Only one stretch of the material below is wanted: everything from the line containing "A group of golfers" down to the line containing "2Pcs Electric Egg", both ends included. Repeat it exactly and skip the pictures.

* RECORDS TO USE *
::::::::::
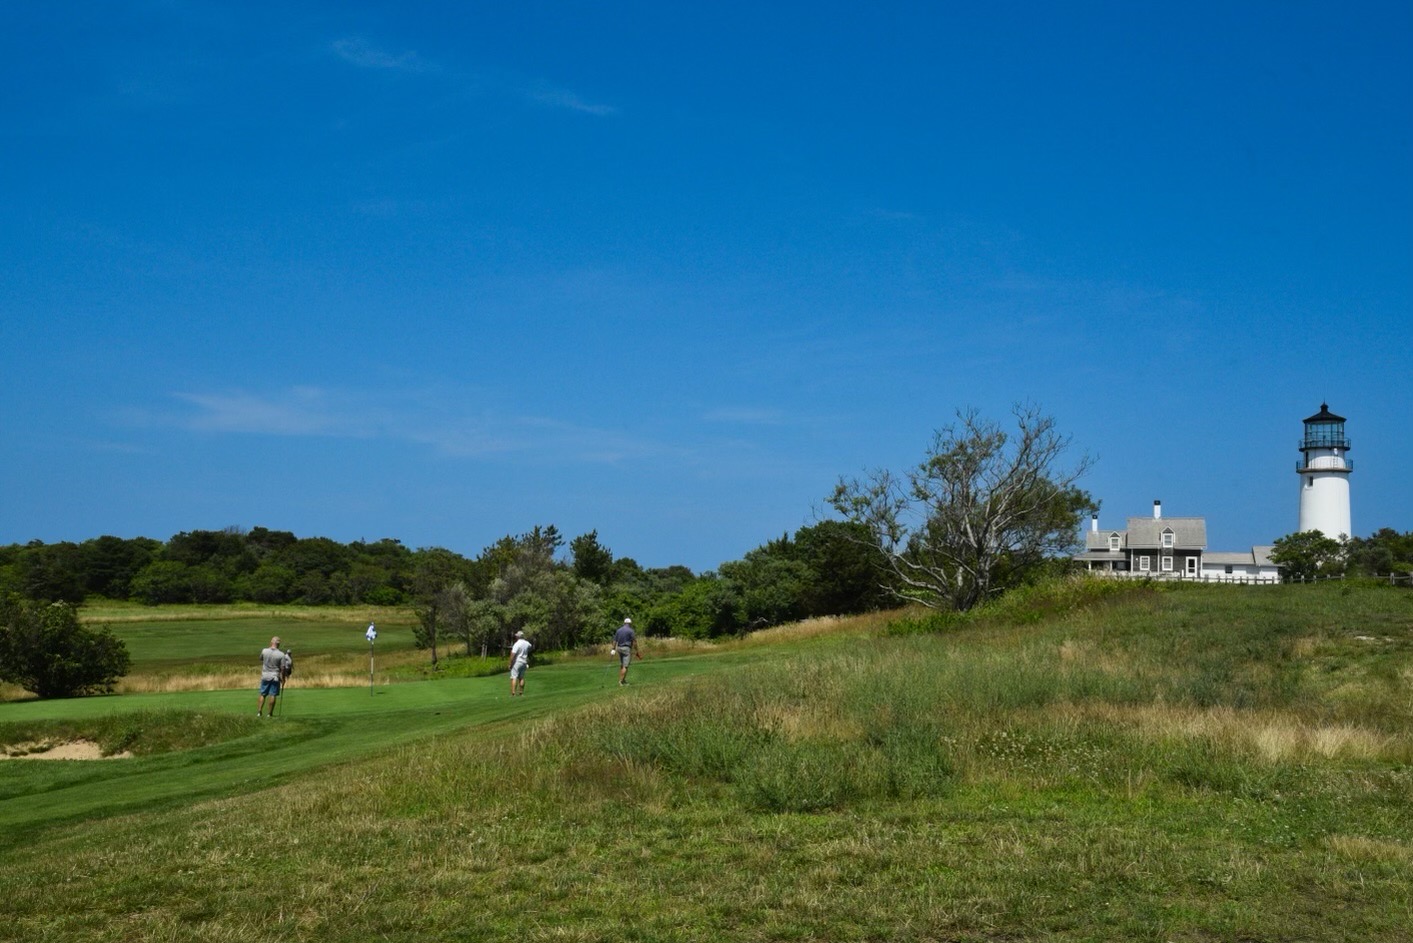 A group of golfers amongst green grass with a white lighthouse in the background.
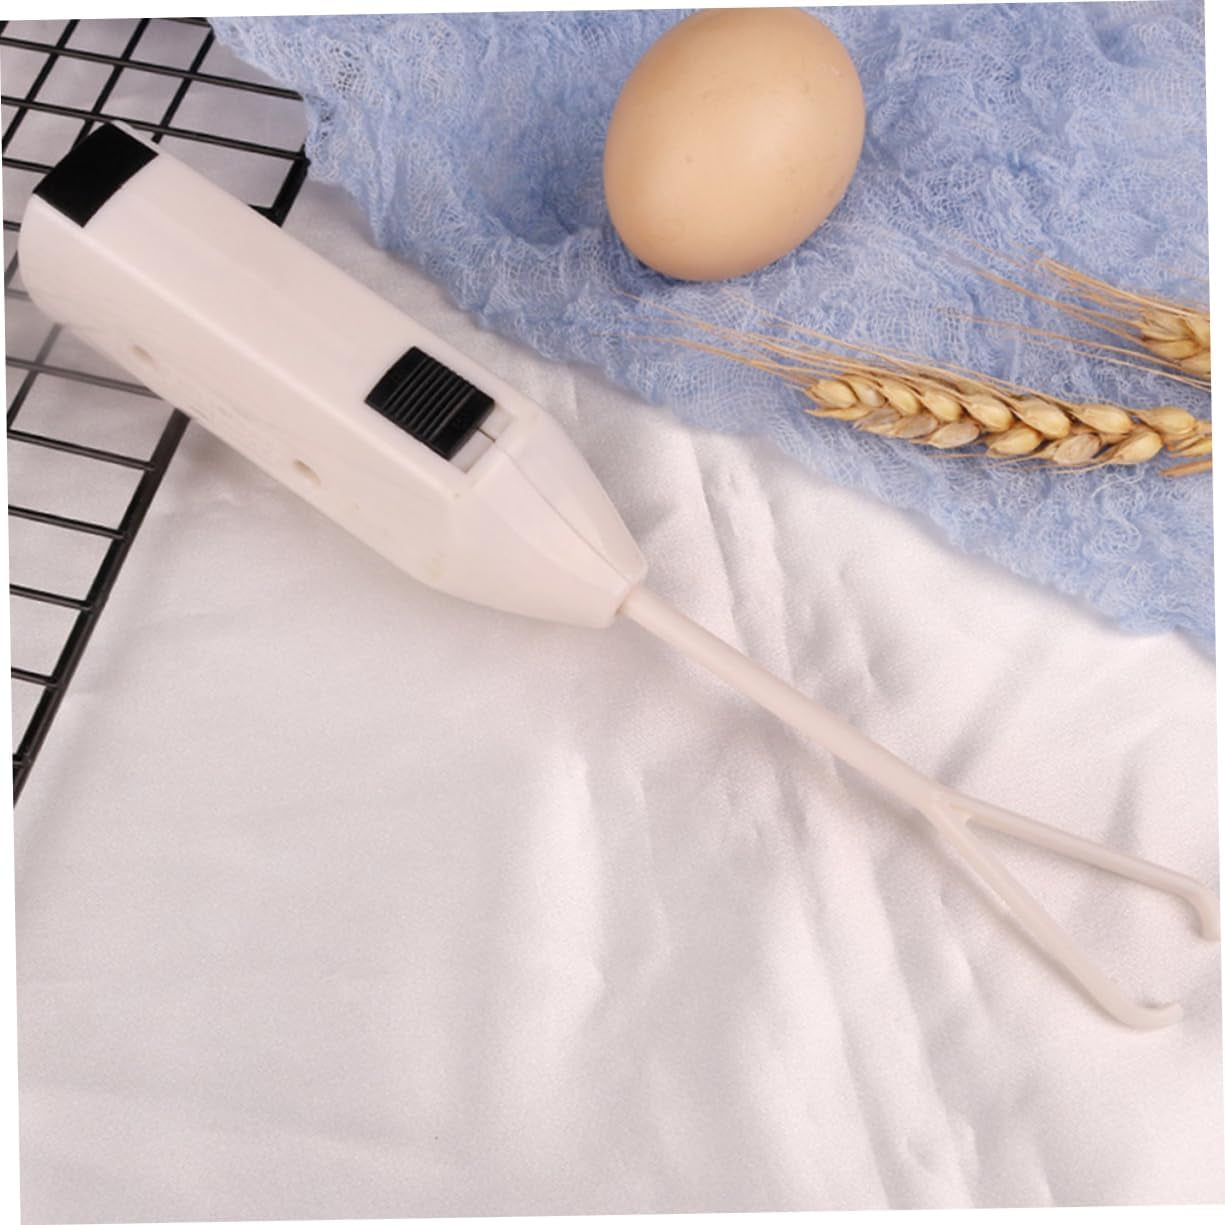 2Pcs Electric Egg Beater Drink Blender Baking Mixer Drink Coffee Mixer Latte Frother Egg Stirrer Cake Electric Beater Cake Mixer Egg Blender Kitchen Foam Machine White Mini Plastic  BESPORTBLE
::::::::::
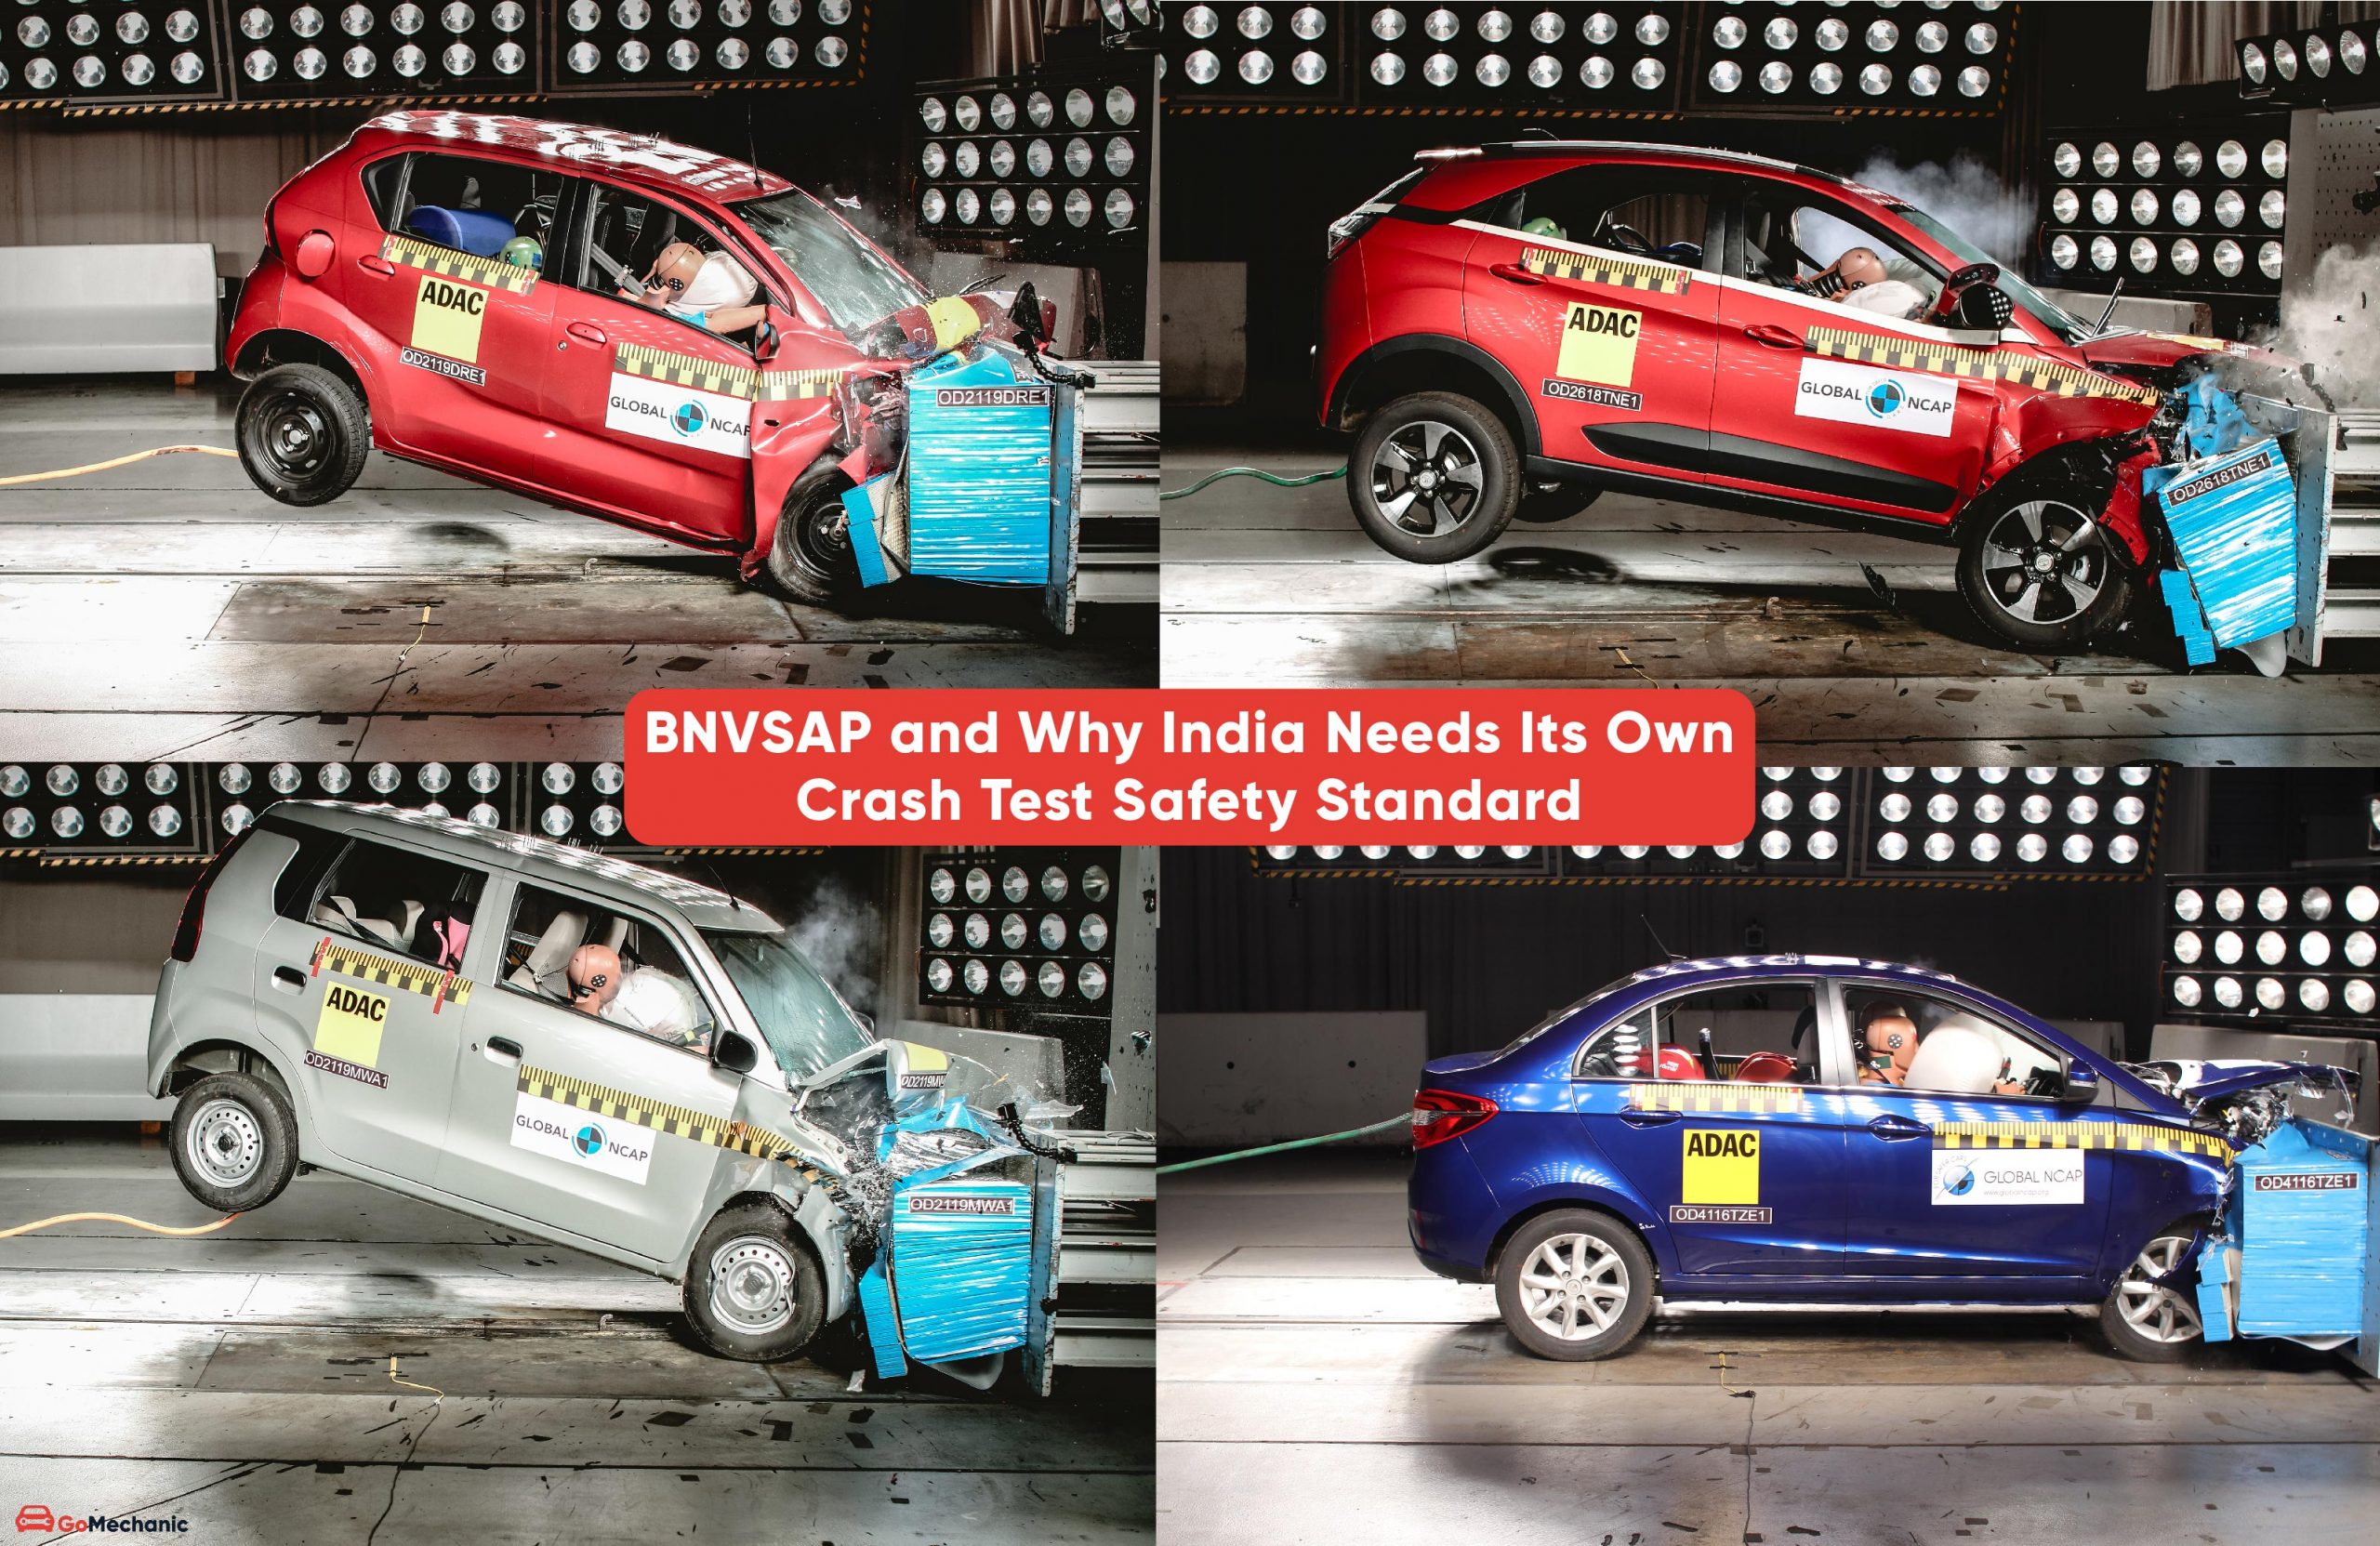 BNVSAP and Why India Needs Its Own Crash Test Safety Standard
::::::::::
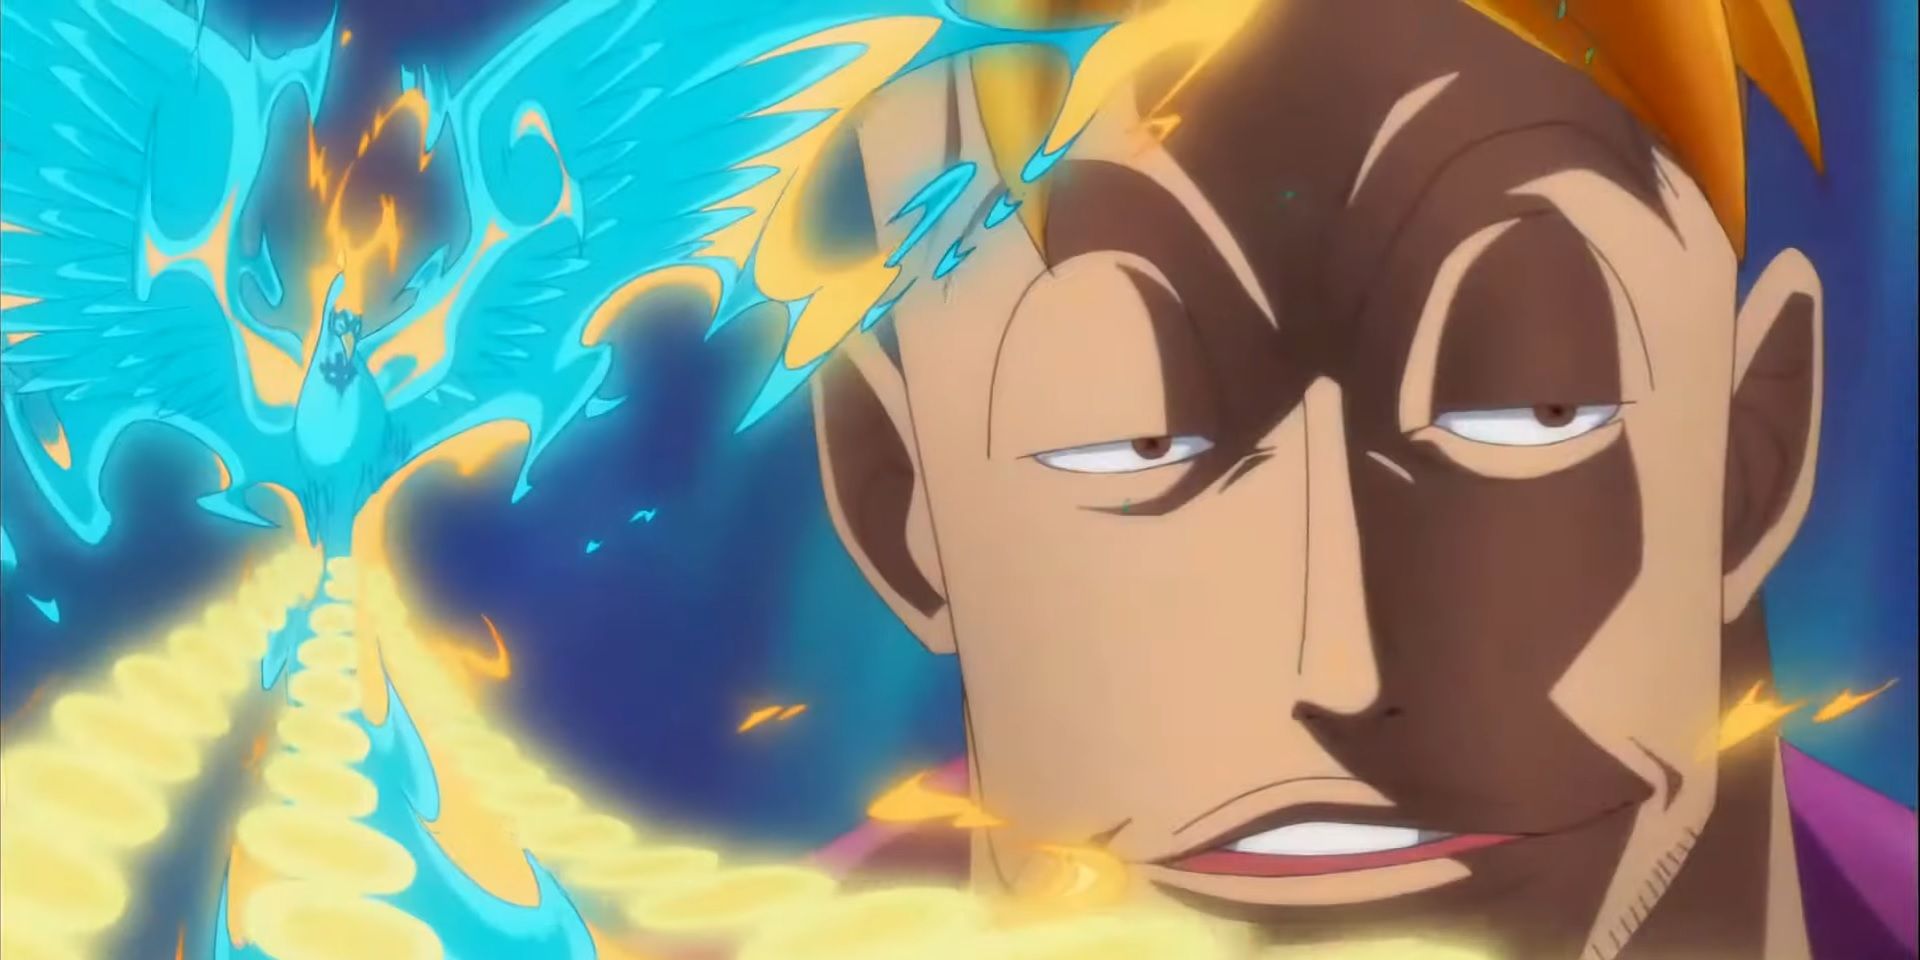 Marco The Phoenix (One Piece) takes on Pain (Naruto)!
::::::::::
* ANSWER FOR THIS EXERCISE *
 A group of golfers amongst green grass with a white lighthouse in the background.
 2Pcs Electric Egg Beater Drink Blender Baking Mixer Drink Coffee Mixer Latte Frother Egg Stirrer Cake Electric Beater Cake Mixer Egg Blender Kitchen Foam Machine White Mini Plastic  BESPORTBLE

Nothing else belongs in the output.